This is the official repository for the **[Detect Anything 3D in the Wild](https://arxiv.org/abs/2504.07958)**, a promptable 3D detection foundation model capable of detecting any novel object under arbitrary camera configurations using only monocular inputs

## 📖 Table of Contents

- [📌 TODO](#-todo)
- [🚀 Getting Started](#-getting-started)
- [Step 1: Create Environment](#step-1-create-environment)
- [Step 2: Install Dependencies](#step-2-install-dependencies)
- [📦 Checkpoints](#-checkpoints)
- [📁 Dataset Preparation](#-dataset-preparation)
- [🏋️‍♂️ Training](#️-training)
- [🔍 Inference](#-inference)
- [🌐 Launch Online Demo](#-launch-online-demo)
- [📚 Citation](#-citation)

## 📌 TODO

### ✅ Done
- Release full code
- Provide training and inference scripts
- Release the model weights

### 🛠️ In Progress
- **TODO**: Provide full conversion scripts for constructing DA3D locally
- **TODO**: Simplify the inference process
- **TODO**: Provide a tutorial for creating customized datasets and finetuning

## 🚀 Getting Started

### Step 1: Create Environment

```
conda create -n detany3d python=3.8
conda activate detany3d
```

---

### Step 2: Install Dependencies

#### ✅ (1) Install [Segment Anything (SAM)](https://github.com/facebookresearch/segment-anything)

Follow the official instructions to install SAM and download its checkpoints.

#### ✅ (2) Install [UniDepth](https://github.com/lpiccinelli-eth/UniDepth)

Follow the UniDepth setup guide to compile and install all necessary packages.

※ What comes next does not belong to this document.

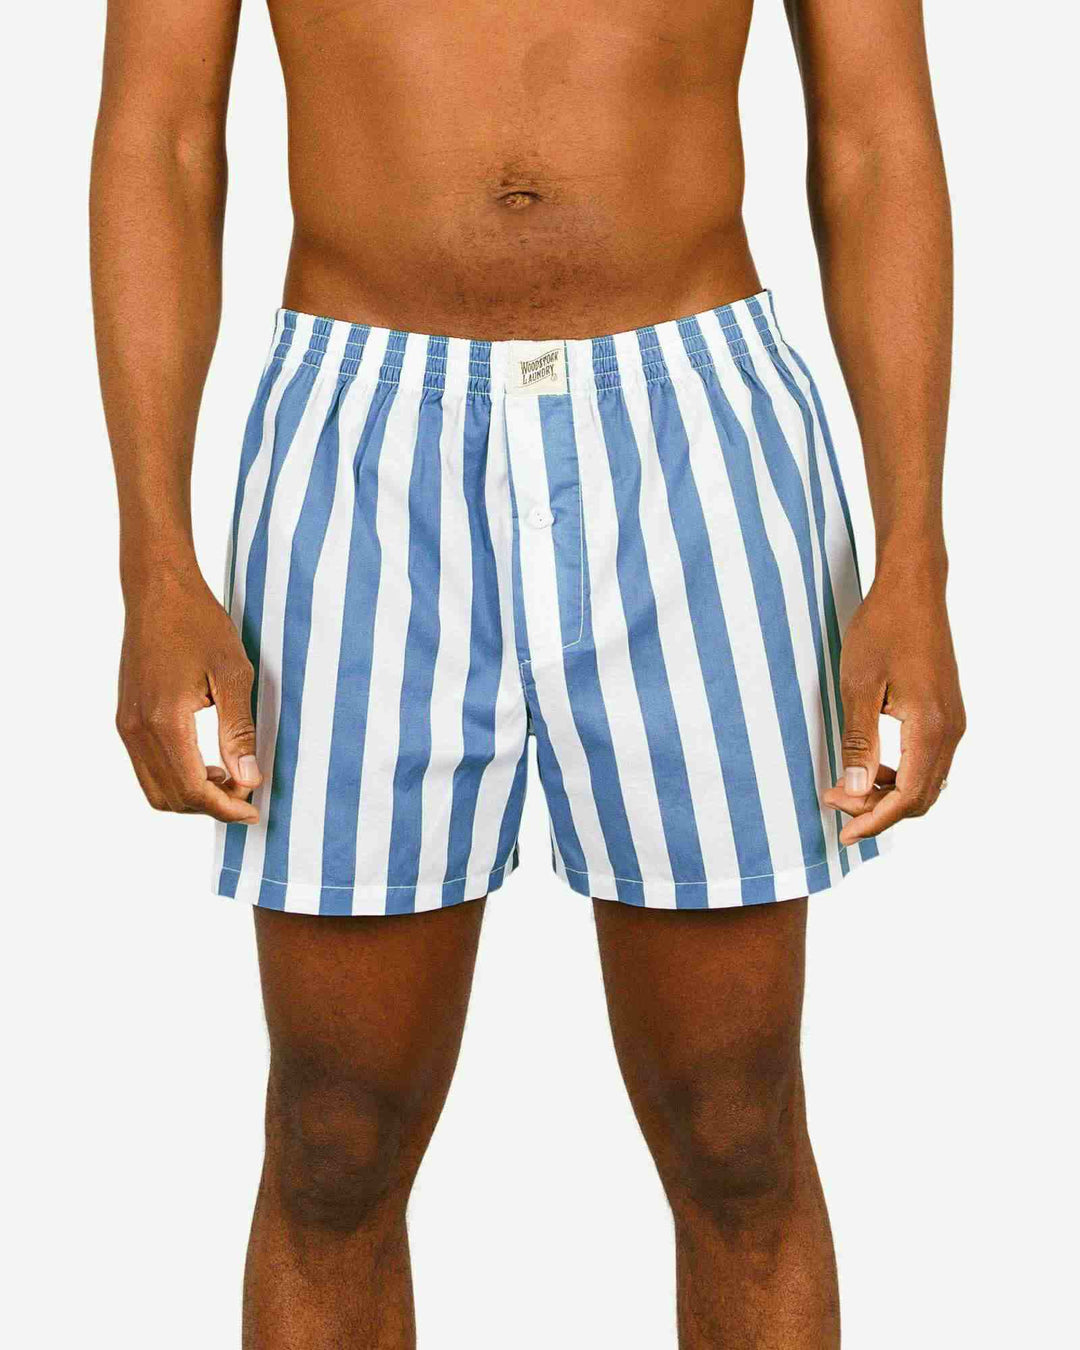 Mens boxer shorts - Blue white beach stripe

#### ✅ (3) Clone and configure [GroundingDINO](https://github.com/IDEA-Research/GroundingDINO)

```
git clone https://github.com/IDEA-Research/GroundingDINO.git
cd GroundingDINO
pip install -e .
```

> 👉 The exact dependency versions are listed in our `requirements.txt`

## 📦 Checkpoints

Please download third-party checkpoints from the following sources:

- **SAM checkpoint**: Please download `sam_vit_h.pth` from the official [SAM GitHub Releases](https://github.com/facebookresearch/segment-anything)
- **UniDepth / DINO checkpoints**: Available via [Google Drive](https://drive.google.com/drive/folders/17AOq5i1pCTxYzyqb1zbVevPy5jAXdNho?usp=drive_link)

```
detany3d_private/
├── checkpoints/
│ ├── sam_ckpts/
│ │ └── sam_vit_h.pth
│ ├── unidepth_ckpts/
│ │ └── unidepth.pth
│ ├── dino_ckpts/
│ │ └── dino_swin_large.pth
│ └── detany3d_ckpts/
│ └── detany3d.pth
```

> GroundingDINO's checkpoint should be downloaded from its [official repo](https://github.com/IDEA-Research/GroundingDINO) and placed as instructed in their documentation.

## 📁 Dataset Preparation

The `data/` directory should follow the structure below:

```
data/
├── DA3D_pkls/ # DA3D processed pickle files
├── kitti/
│ ├── test_depth_front/
│ ├── ImageSets/
│ ├── training/
│ └── testing/
├── nuscenes/
| ├── nuscenes_depth/
│ └── samples/
├── 3RScan/
│ └── / # e.g., 10b17940-3938-...
├── hypersim/
| ├── depth_in_meter/
│ └── ai_XXX_YYY/ # e.g., ai_055_009
├── waymo/
│ └── kitti_format/ # KITTI-format data for Waymo
│ ├── validation_depth_front/
│ ├── ImageSets/
│ ├── training/
│ └── testing/
├── objectron/
│ ├── train/
│ └── test/
├── ARKitScenes/
│ ├── Training/
│ └── Validation/
├── cityscapes3d/
│ ├── depth/
│ └── leftImg8bit/
├── SUNRGBD/
│ ├── realsense/
│ ├── xtion/
| ├── kv1/
│ └── kv2/
```

> The download for `kitti`, `nuscenes`, `hypersim`, `objectron`, `arkitscenes`, and `sunrgbd` follow the [Omni3D](https://github.com/facebookresearch/omni3d) convention. Please refer to the Omni3D repository for details on how to organize and preprocess these datasets.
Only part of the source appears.